Despite the significant efficiency gains incurred by this widespread technological transformation, we have quite a ways to go before atoms are as easy to move as bits. It is undeniable that, in recent years, the logistics industry has seen significant local optimizations resulting from automated workflows and software proliferation. Digital freight brokers like Coyote Logistics and Loadsmart, which primarily use software connect shippers with carriers, now offer platforms for which customers can easily request goods to be shipped at a specific rate with an online portal, rather than through over-the-phone negotiation. This phenomena has risen in parallel to an explosion of products providing live tracking and visibility for intermodal shipments, such as Project44 and FourKites. While these technologies have incurred productivity improvements for logistics operators, they fall short of completely abstracting away all manual components of key global logistics workflows. A shipment booking process over the internet is still a shipment booking process, requiring extensive communication between two humans. A visibility solution that provides an operator with the ability to make data-driven decisions, still requires significant input from a human operator.
Software-as-a-service solutions automating individual processes in supply chain management are often restricted in their power by a narrow scope of available API integrations. Without inter-operability, these software solutions remain siloed within the workflows of individual organizations so key logistics processes still require manual data transfers, human decision-making, and live communication for successful completion. The promise of logistics technology mass adoption: fully harmonized port operations that seamlessly organize the thousands of containers passing through every day, endless capacity of trucks, planes, and boats always ready to respond immediately to demand fluctuations, moving atoms as easily as we move bits, only becomes tenable once this hurdle of inter-operability is finally cleared.
Where We're Going
While the current iteration of logistics technology is primarily categorized by siloed solutions specific to individual workflows, the proliferation of software in the industry provides a crucial foundation for the lofty goal of moving atoms as easily as we move bits. Any physical process represented digitally with software can inter-operate with other software so increasingly, every transaction, communication, and hand off surrounding the movement of goods can be read universally with data integrations. End-to-end shipment visibility is currently used primarily in dashboards and reporting, but also enables complex software solutions to fully automate the actions previously taken by humans with carrier location tracking data. Recent offerings by freight brokers enable shippers to seamlessly book loads via an online form or even an API request, enabling freight forwarders, to fully automate carrier procurement at every leg of a shipment’s journey. Many recent VC-funded exploits in logistics technology focus primarily on enabling inter-operability: Kargo builds sensors into loading docks, enabling the automated visibility of shipment pick up and delivery at warehouses and distribution centers and Vector provides software enabling truck drivers to confirm shipment completion without requiring the transfer of the paper documents previously leveraged to complete such transactions.
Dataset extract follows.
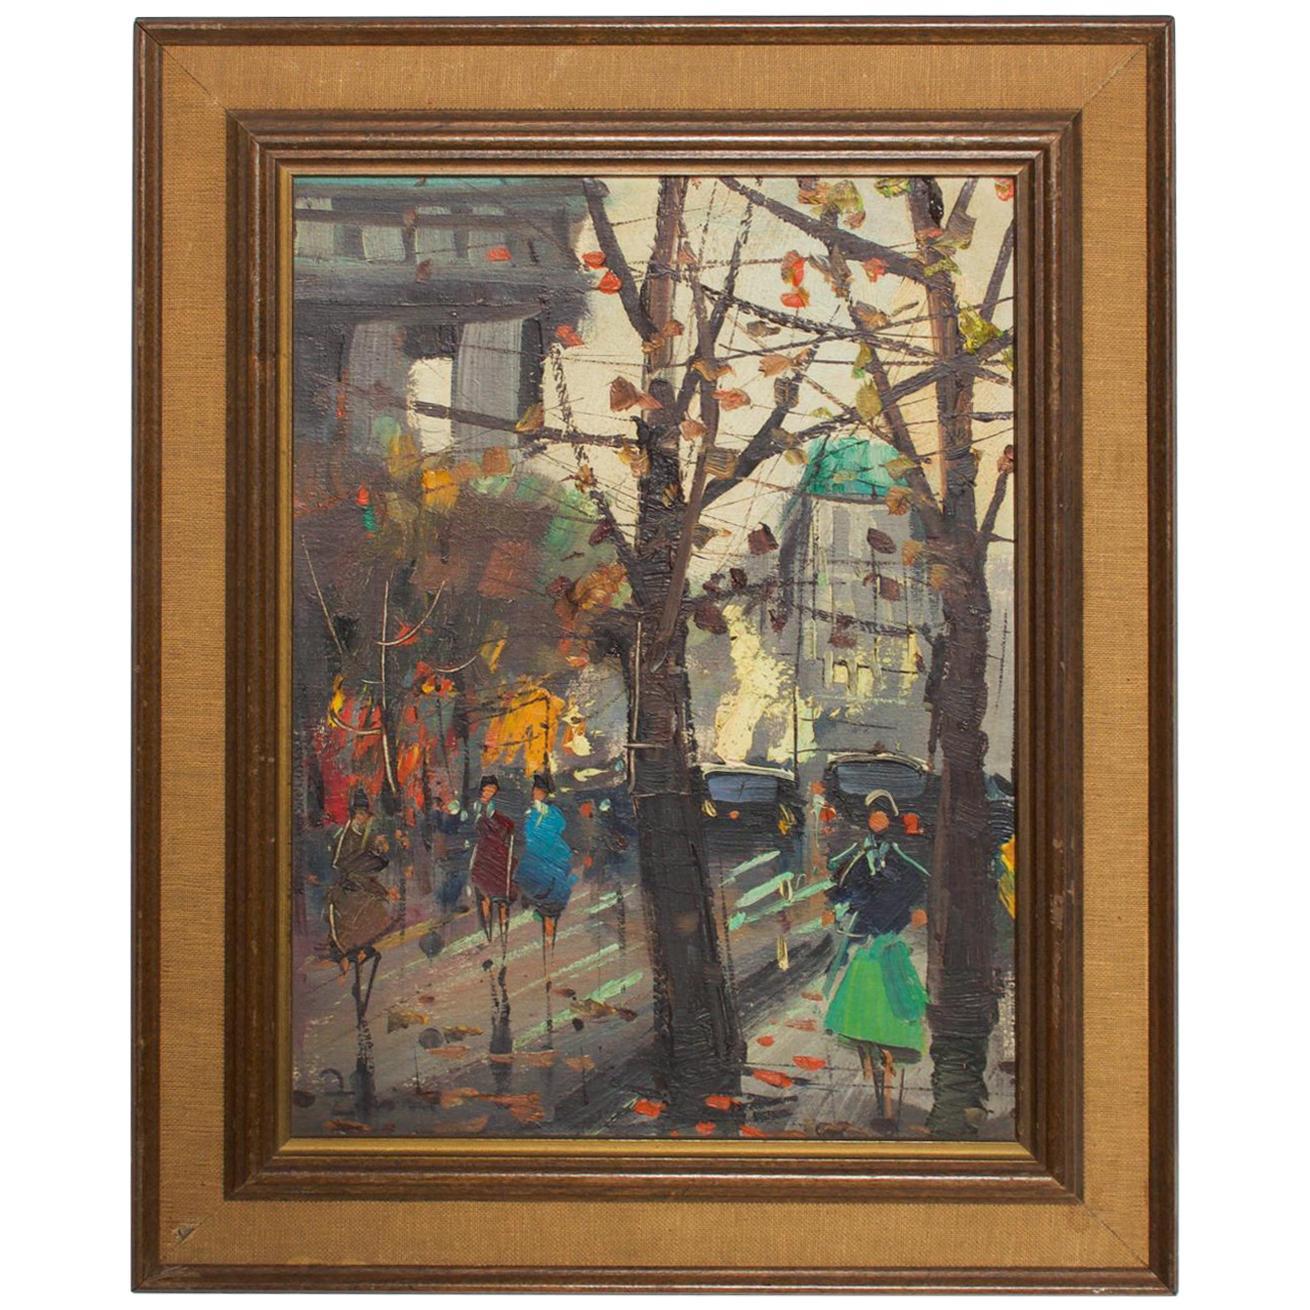 Japanese Influenced Mid Century Modern Art European Landscape Oil Painting

The downstream impact of the mass investment in workflow digitization will entirely reinvent the procurement of logistics services in the coming decade. To start, initial improvements in inter-operability across the industry has vastly improved the dynamism of freight marketplaces in a variety of modes, particularly over-the-road trucking. While there’s still a long way to go, as evidenced by bottlenecks at ports in recent months, it is becoming significantly easier to hire carriers to haul any commodity that the heart desires. A decade ago, truck drivers and the companies that employed them relied primarily on phone calls to manage business with customers that wish to move goods. Today, every truck driver in America can broadcast their location to anyone who may need their services at the push of a button. If they’d like to be more proactive, they can use load boards to search the expanse of supply chain demand for a high paying job that matches their preferences. A large reason that atoms are so much harder to move than bits, is the immensely sparse communication network between the millions of operators which comprise global supply chains. For a long time, the industry’s endemic software fragmentation made procurement, or the process of contracting of freight services, nearly impossible to complete dynamically. Big-box distributors and e-commerce giants often lack the network to solicit truck drivers precisely when their services are needed the most, entrenching delays and shortages as a common response to unexpected supply shocks. In the coming decade, it will be easier for these drivers, their vehicles, and even their trailers, to communicate with shippers and their transportation management systems, so delays inhibited by shoddy communication will occur less and less frequently.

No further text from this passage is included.